После работ Романа Якобсона это никого больше не удивляет. Современная литература осознает себя как свой собственный метаязык, выдвигающий способы сообщения в центр сообщаемого. Традиционная граница между текстом и метатекстом становится все более подвижной, размытой, измеряемой лишь степенью присутствия авторской рефлексии, принципиально наличествующей в каждом тексте независимо от его жанра. Создавая художественный текст, художник «тематизирует» свое ремесло, и он «тематизирует» его, ставит его под вопрос каждый раз, когда им занимается. С этим связан призыв, несколько раз повторяющийся на страницах книги Розая: «Отказаться от какой бы то ни было уверенности — поставить на карту все».
Единство текста и метатекста является для Розая важной характеристикой «открытого произведения искусства»; последнее есть «матрица многих вещей», его значение состоит в том, что оно содержит в себе всю полноту возможных решений, предоставляя каждому читателю актуализировать из них какое-то одно, ему наиболее близкое.
Образу матрицы соответствует представление о «ризоме» или «корневище», противоположностью которого служит дерево, растущее из одного, не распластанного в ширину, а уходящего вглубь корня с ясно очерченными границами распространения.

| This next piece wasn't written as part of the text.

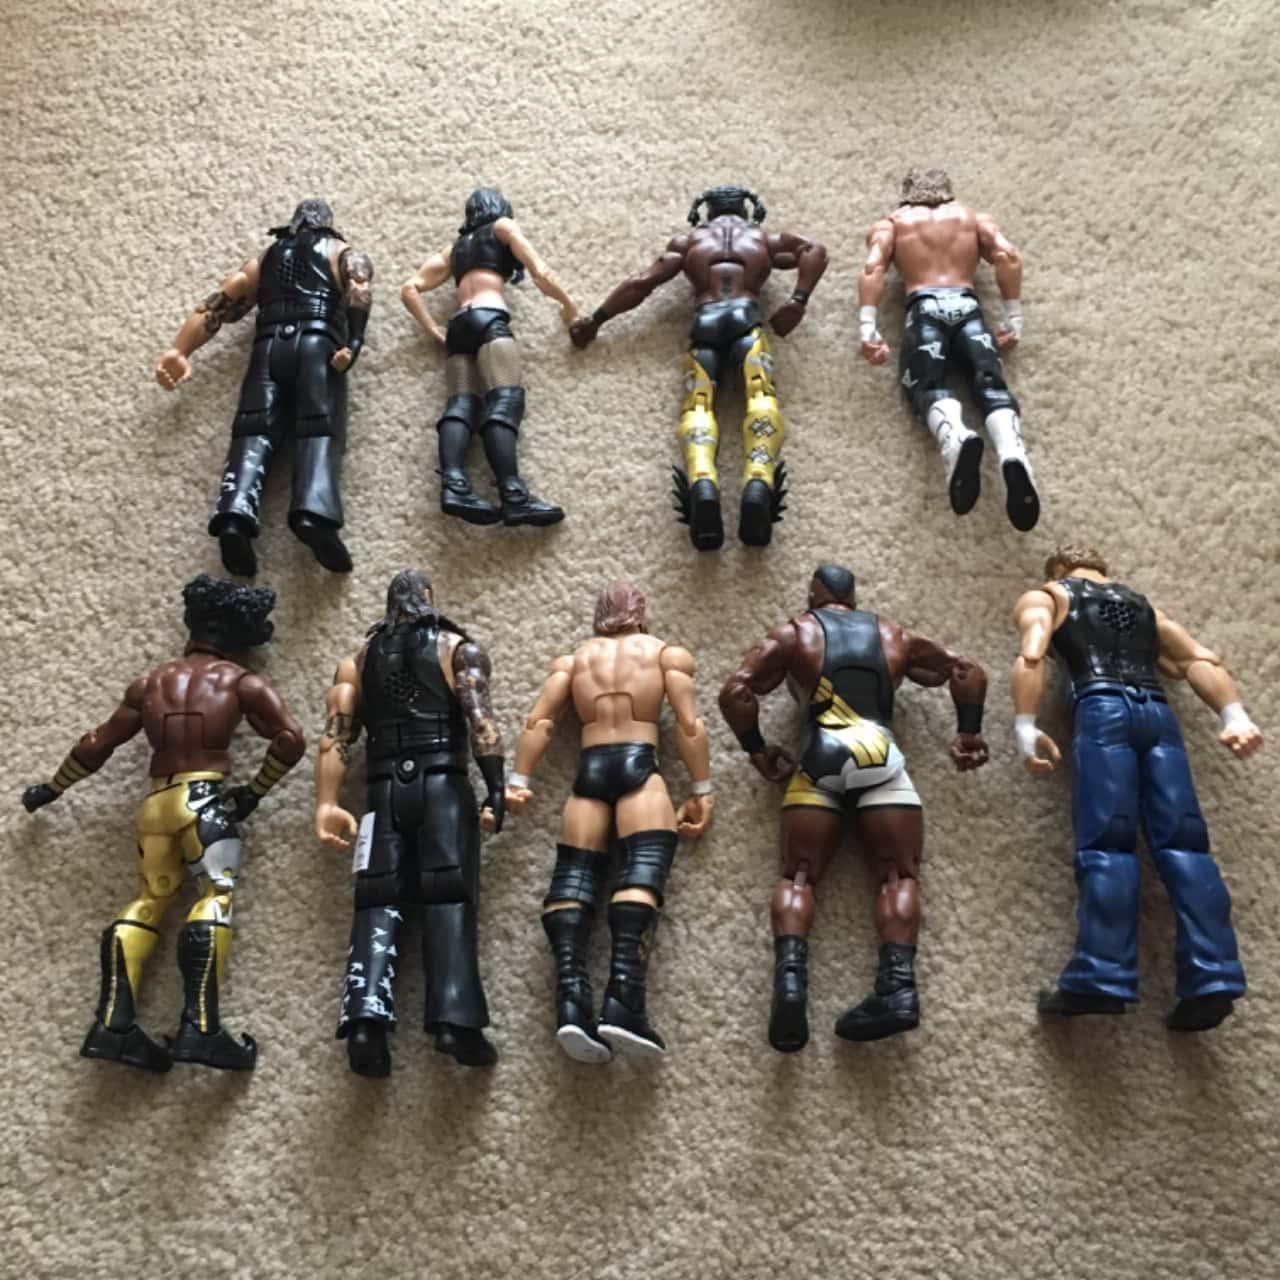 WWF Figurines - 9 pcs (Toys)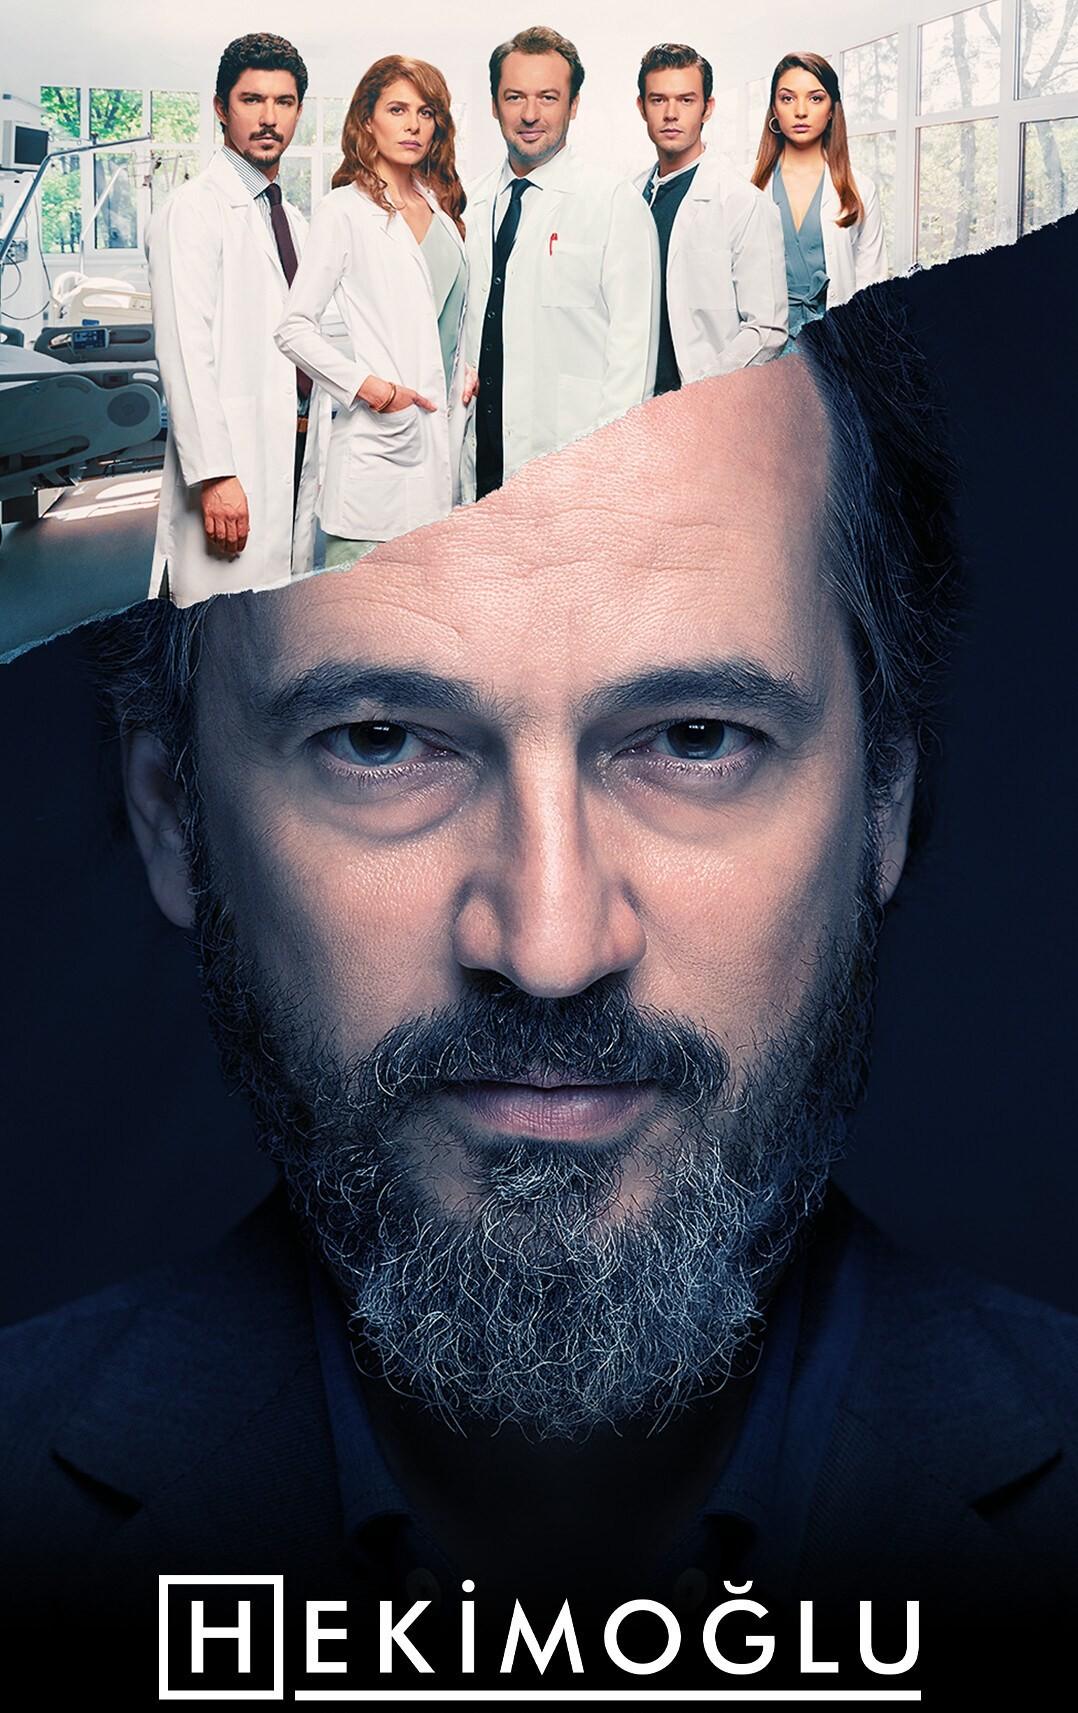 Hekimoğlu 42.Blm (23.03.2021) 720p Web-DL AAC H.264

Дерево выступает как аллегория жесткой смысловой структуры, восходящей к единому центру, тогда как «ризома» характеризует постмодернистское понимание текста как плоскости читательских проекций, изучаемых эстетикой восприятия. Розай относит свое знакомство с «теорией ризомы» к началу восьмидесятых годов, когда она была сформулирована известными философами Жилем Делезом и Феликсом Гваттари. Причиной своей симпатии к их взглядам Розай называет «пафос всечеловеческого сочувствия», допускающий максимально широкую свободу мнений и вкусов.
Но свобода, которую Розай провозглашает своим символом веры, имеет привкус горечи. Она проистекает из знания о том, что утрачено, о том, что «действительность» обратилась в фикцию нашего сознания, и «мир» стал «текстом культуры», непрочным и нестабильным. Он постоянно перерабатывается нами в открытом интертекстуальном пространстве, в свете ясного, «источающего могильный запах» убеждения в том, что мы живем «в состоянии относительности», и все вокруг нас есть в конечном счете «вечная игра образцов».
Для автора литературных произведений это означает, что он перестал быть избранным и отмеченным высшей милостью пророком последней истины, «вторым творцом, ходящим под Юпитером», «мессией природы» или «учителем нации». Он деградирует, превращаясь в бедного мечтателя, если не в шарлатана, который творит сны, не веруя в их значение. Его свобода представляет собой противоположность знания и силы, предполагает отказ от претензии на истину, на власть спасительного слова. Его тексты становятся произвольным плетением кодов и их фрагментов, «лесом фикций», через который каждому читателю приходится прокладывать свой путь заблуждений.
Роль читателя также меняется: он уже не «потребитель» литературы, а участник процесса ее производства, активно конституирующий смысл воспринимаемых текстов, обладающий свободой выбора значений, которая уравнивает его с автором. Однако и в этом случае цена эмансипации бессмысленно высока, поскольку смысл, в создании которого он участвует, есть, по выражению Розая, лишь «пена, качающаяся на волнах бессмыслицы». Читательская свобода здесь — вовсе не та ценность, которую Великий Инквизитор Достоевского хотел отнять у слабого человека; единственное право эмансипированного читателя постмодернистских текстов — это право выбирать между фикцией и фикцией, иллюзией и иллюзией. Власть, которую он разделяет с поэтом, иллюзорна, как тот товар, в производстве которого он участвует. Равенство поэта и читателя основывается на сознательном иллюзионизме, вырастающем из принципиального неверия в объективную действительность.
Но даже и это условное равенство весьма относительно напоминает об ограниченной монархии или о демократии, поддерживаемой мафиозными методами. Принимая принцип ризоматического построения текста как идеал, Розай подчеркивает вместе с тем его утопичность, невозможность его полного осуществления в художественной практике. Опыт художника подсказывает Розаю, что абсолютный отказ от «смысловой структуры» в искусстве невозможен; возможна лишь ее маскировка, в лучшем случае либерализация, когда творец текста отступает в тень, ослабляя контроль над игровым полем, но никогда не теряя его полностью. Стремление художника «вести рассказ во всех направлениях сразу», утверждает Розай, так же неосуществимо, как и мечта об абсолютной свободе личности. Всякое творчество формы есть, по мнению писателя, акт применения власти, направленный против полноты жизни, ограничивающий бесконечное богатство заложенных в ней возможностей. Проблема искусства обусловлена для Розая необходимостью художественного расчета и выбора.